> **Activity**
Write down exactly the lines from the one below that has "Download Wallpaper Keep" to the end of the data, both ends included; the pictures should not appear in your copy.

> **Information provided**
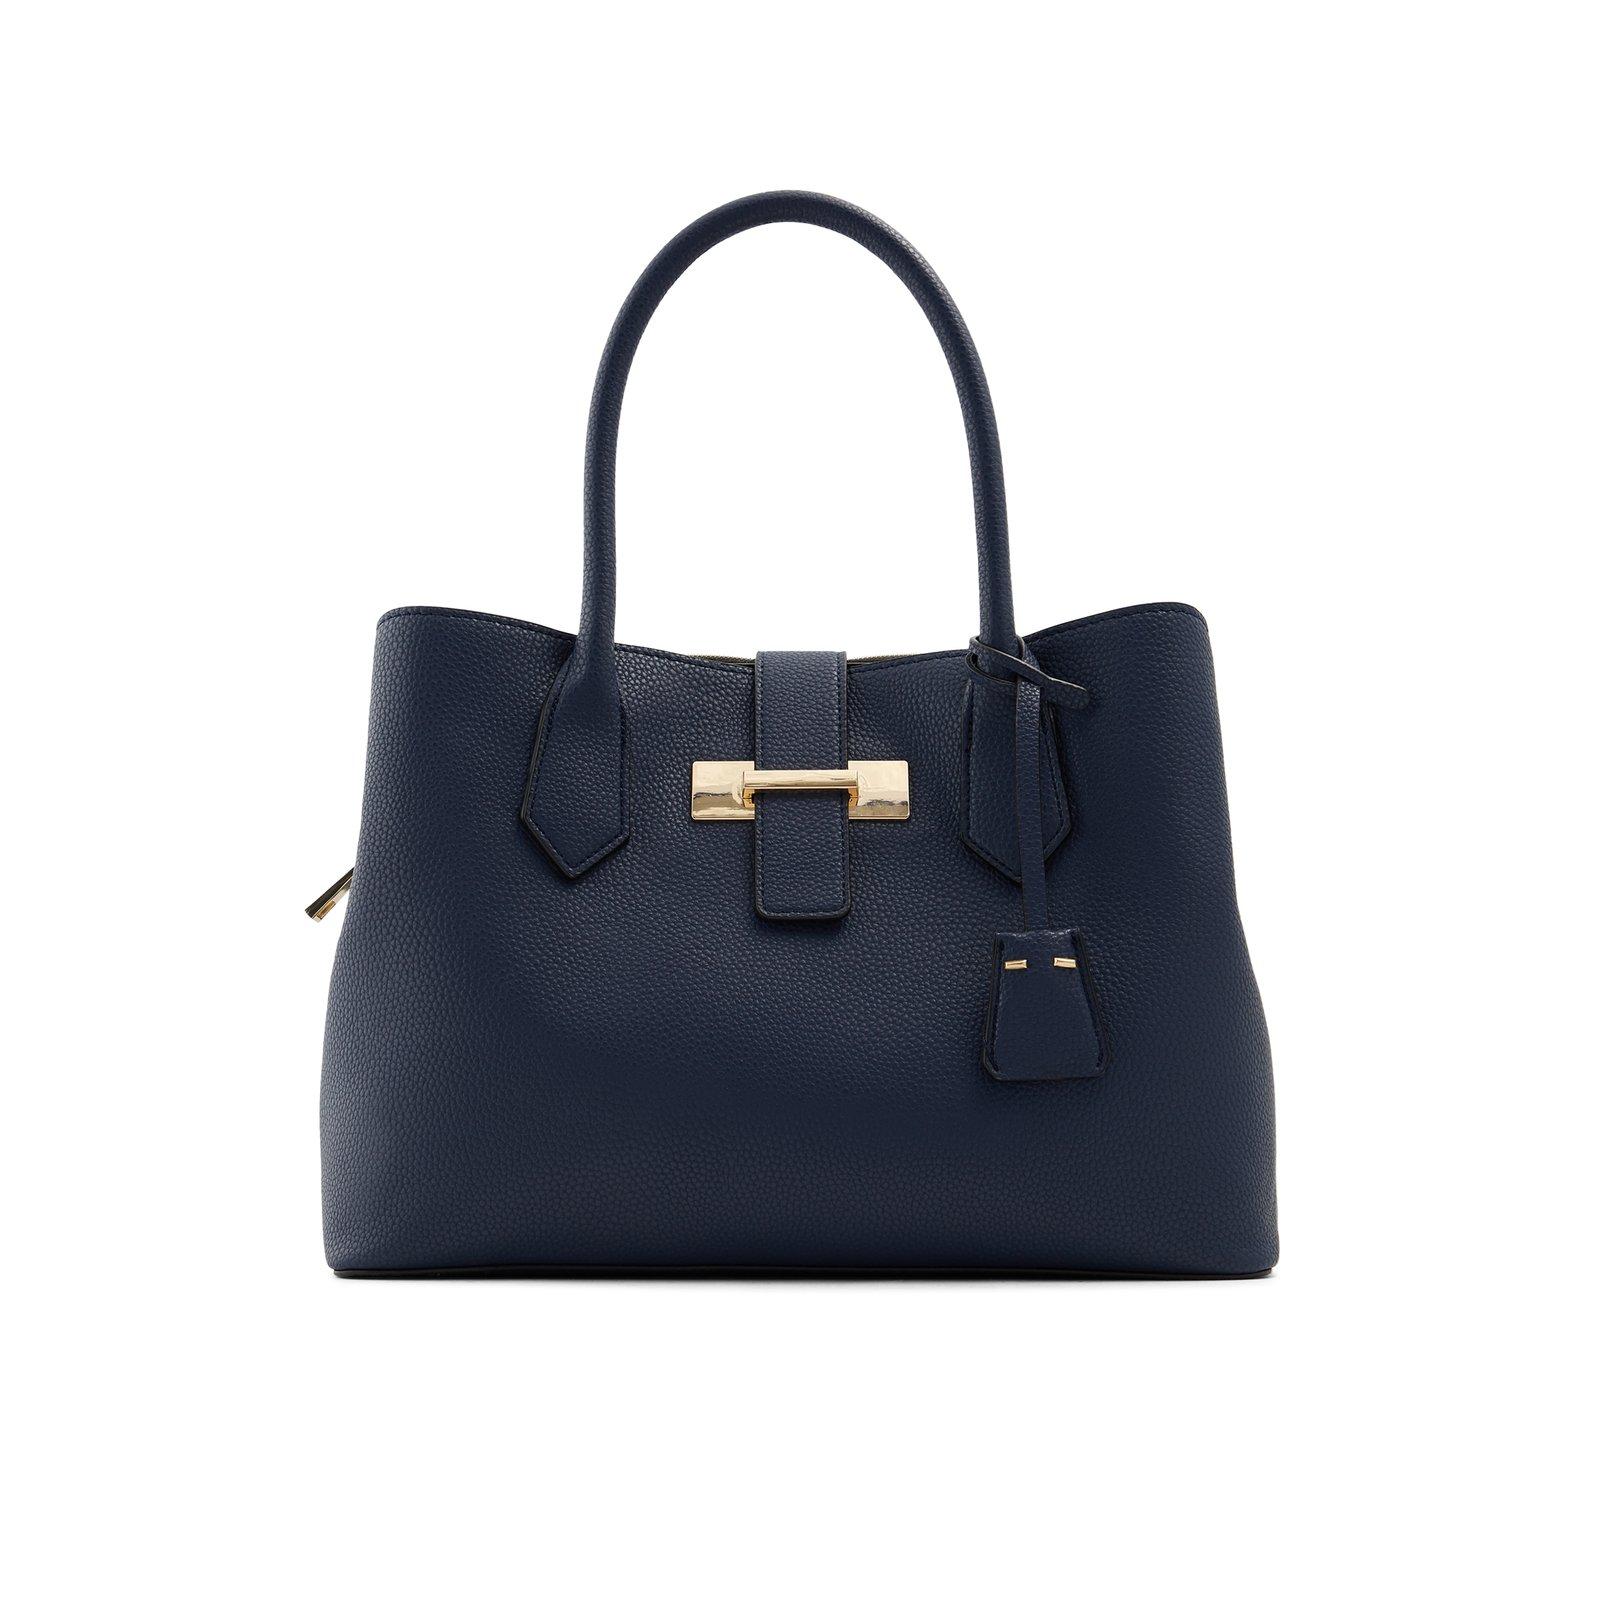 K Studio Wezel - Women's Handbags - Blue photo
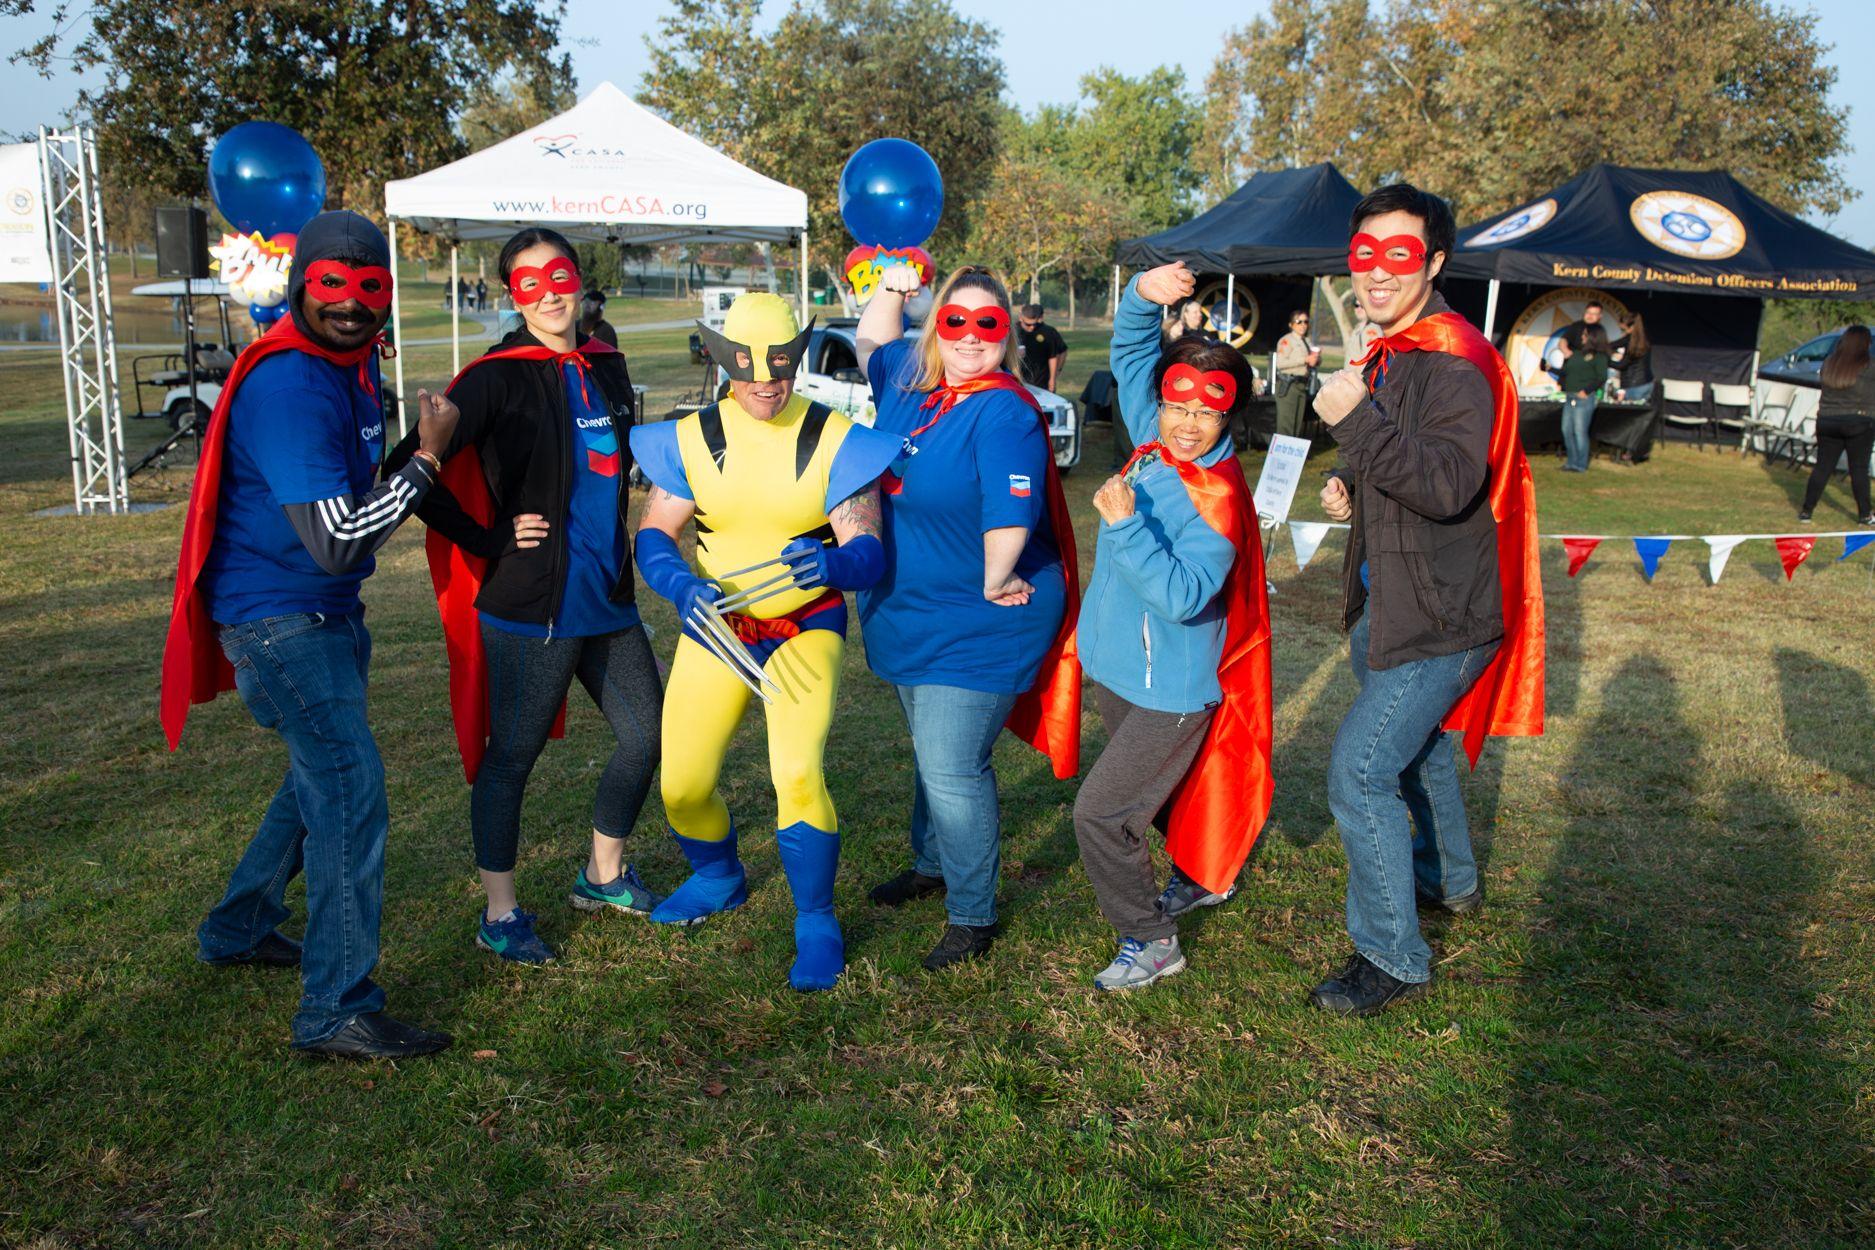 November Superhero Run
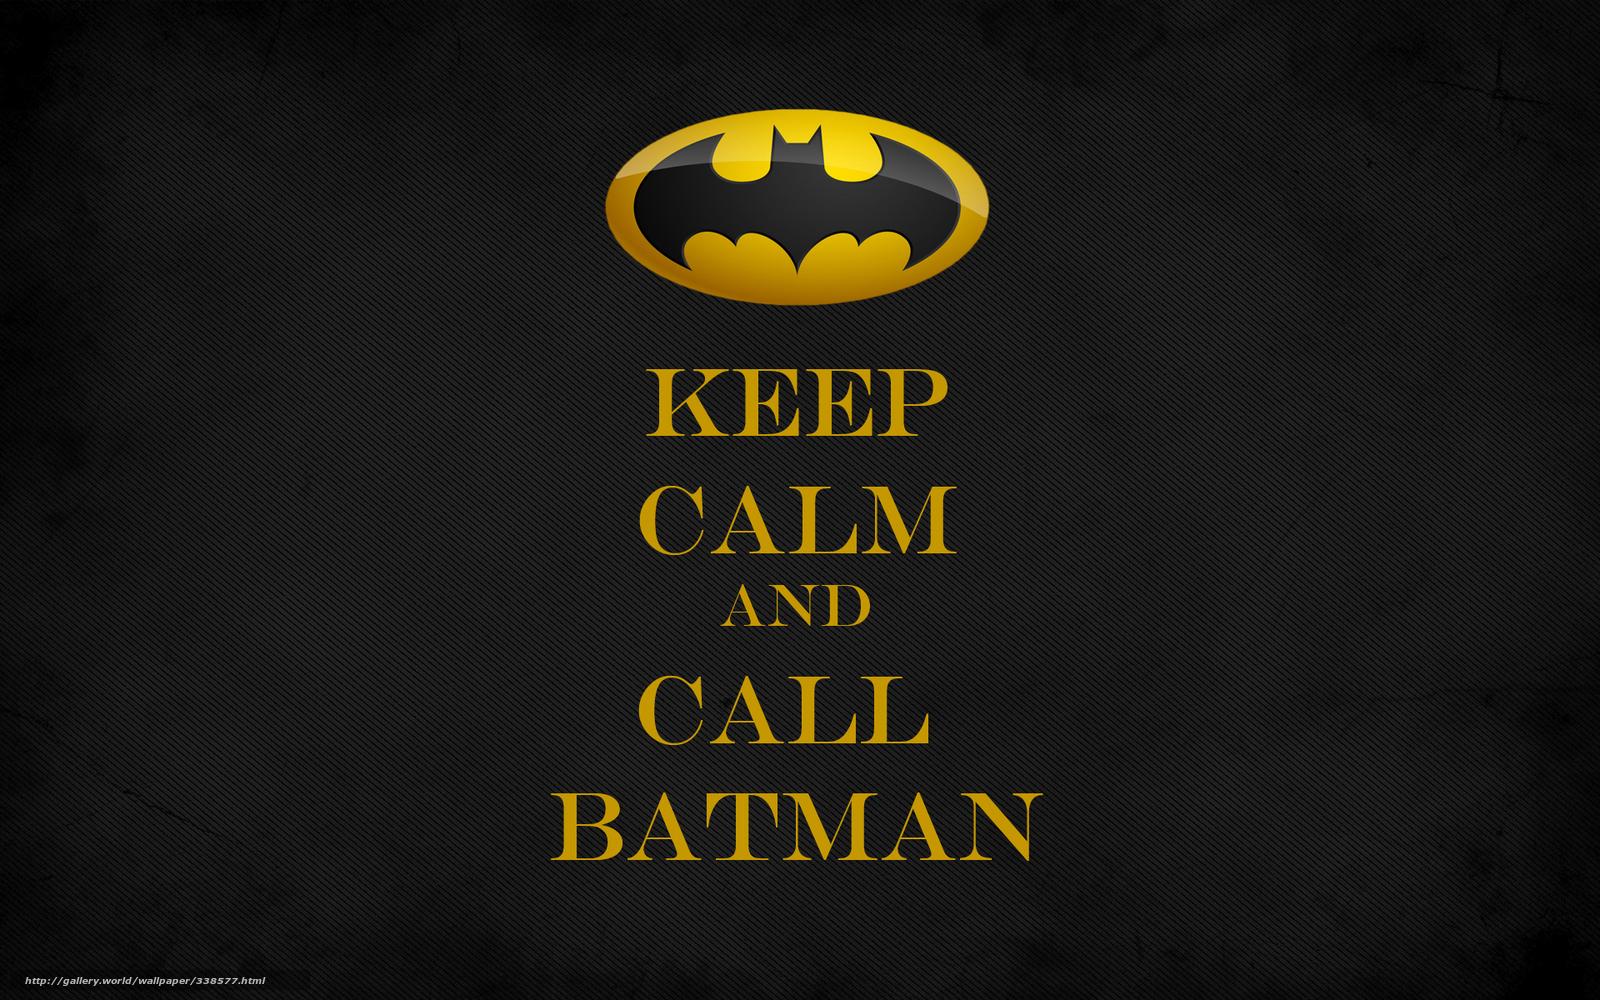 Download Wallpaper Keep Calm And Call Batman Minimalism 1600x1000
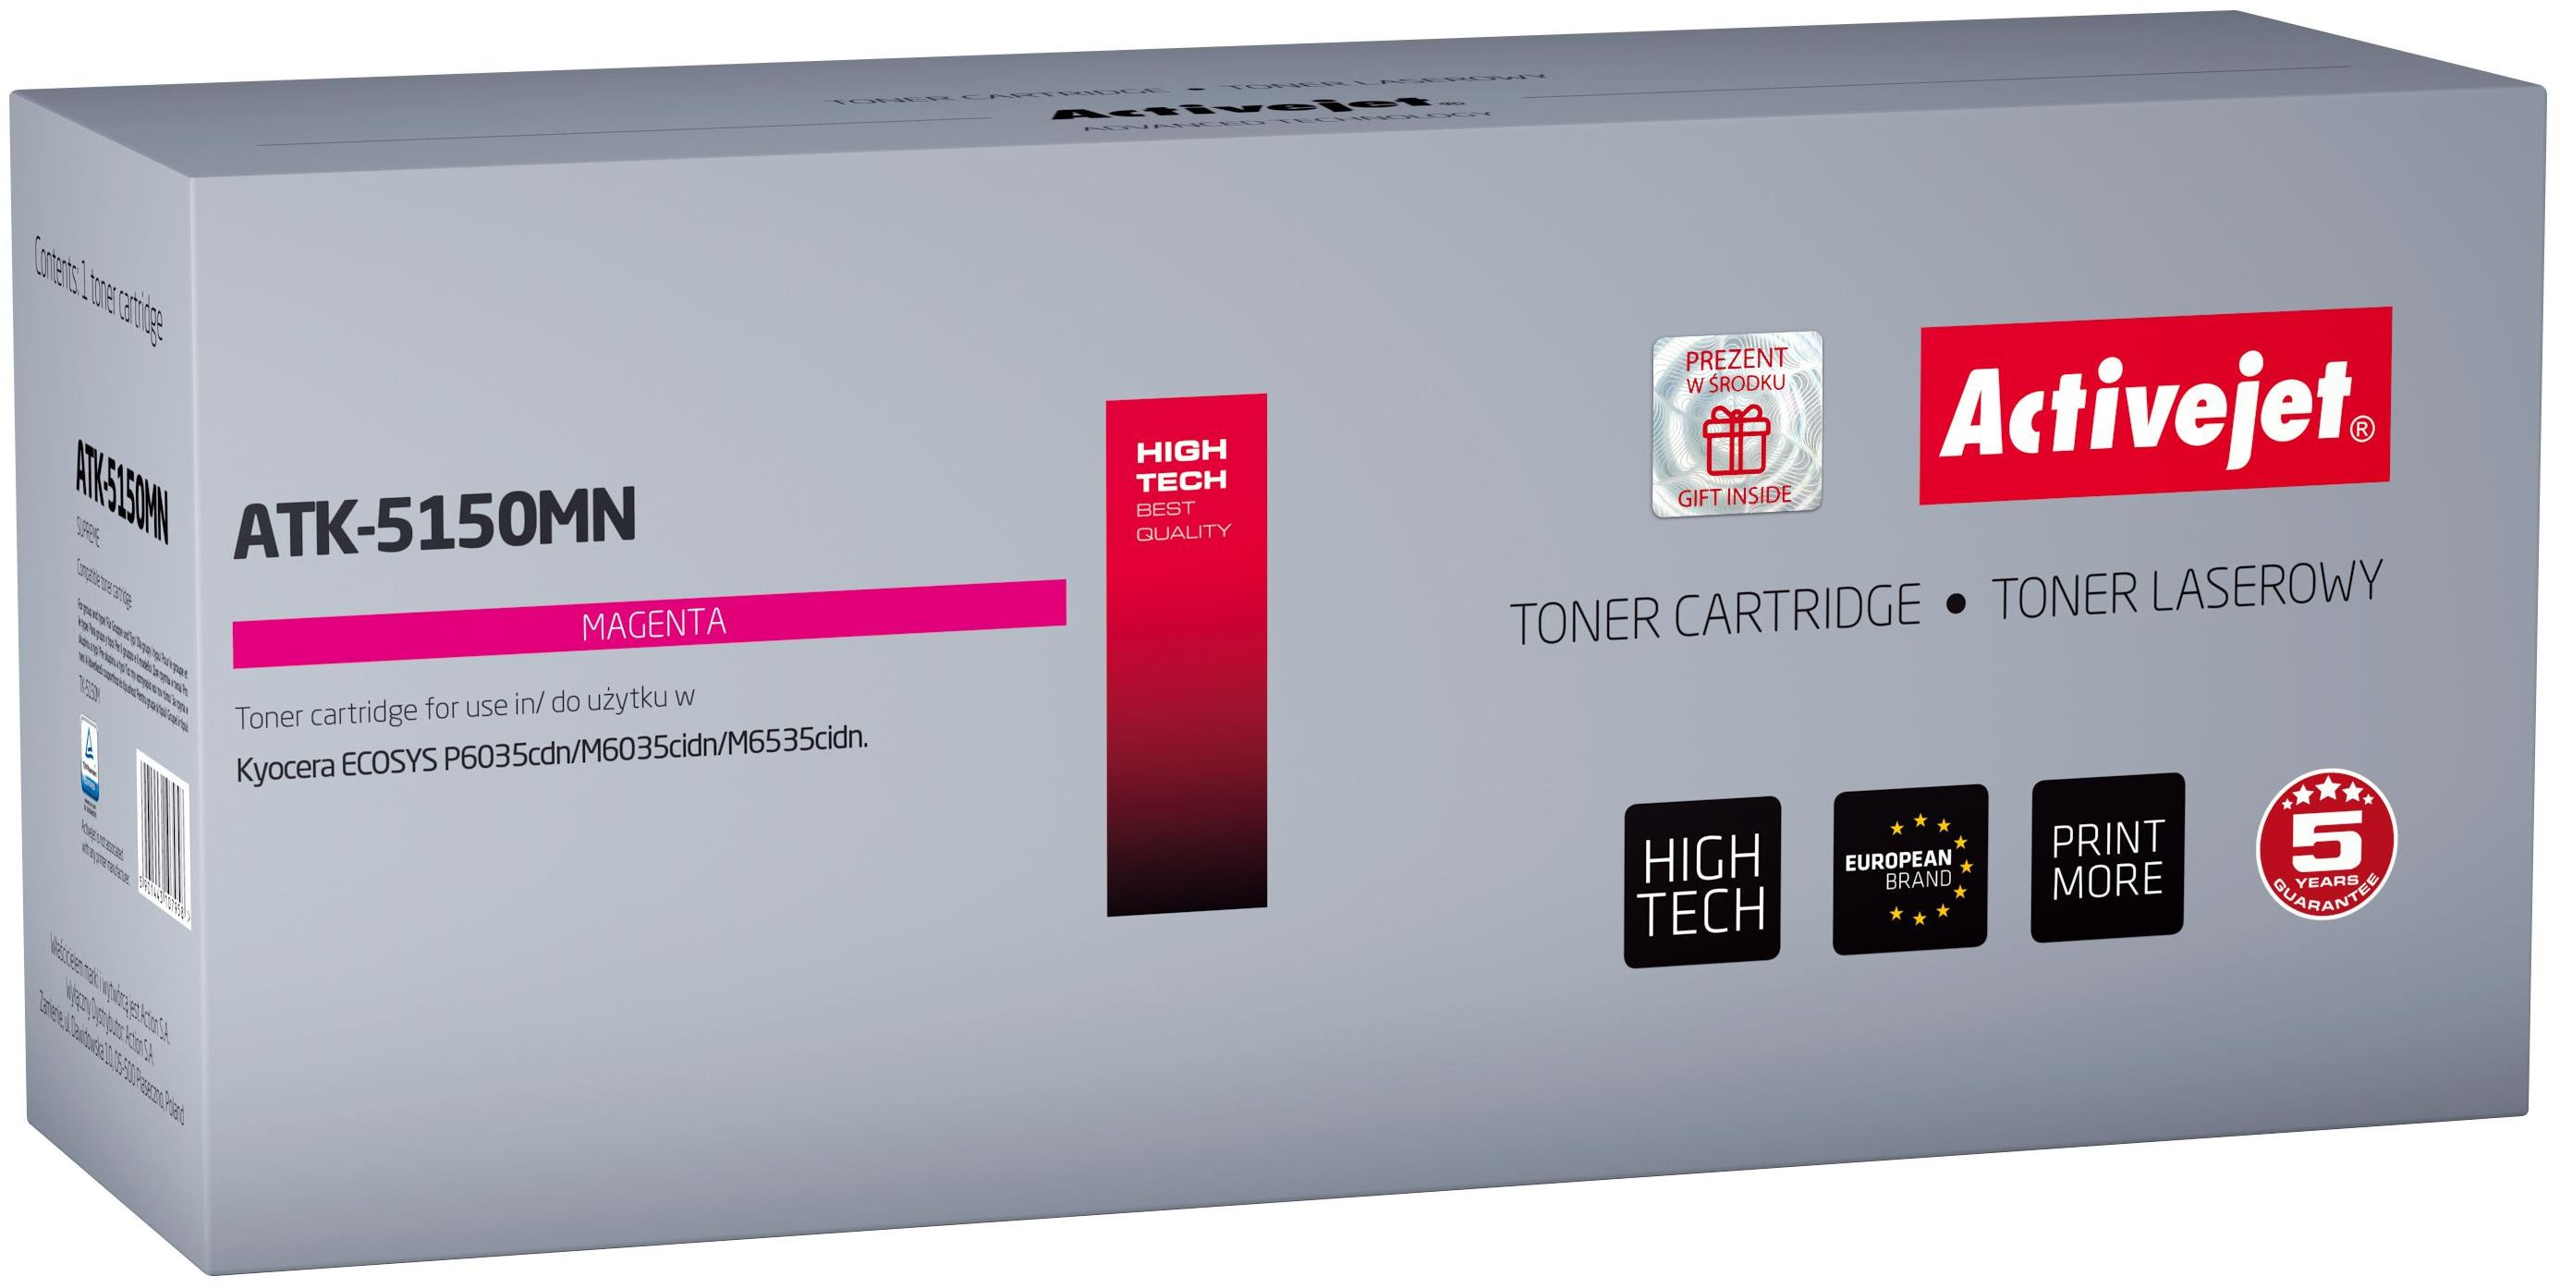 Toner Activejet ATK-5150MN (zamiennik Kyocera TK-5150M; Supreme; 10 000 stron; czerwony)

> **Reply**
 Download Wallpaper Keep Calm And Call Batman Minimalism 1600x1000
 Toner Activejet ATK-5150MN (zamiennik Kyocera TK-5150M; Supreme; 10 000 stron; czerwony)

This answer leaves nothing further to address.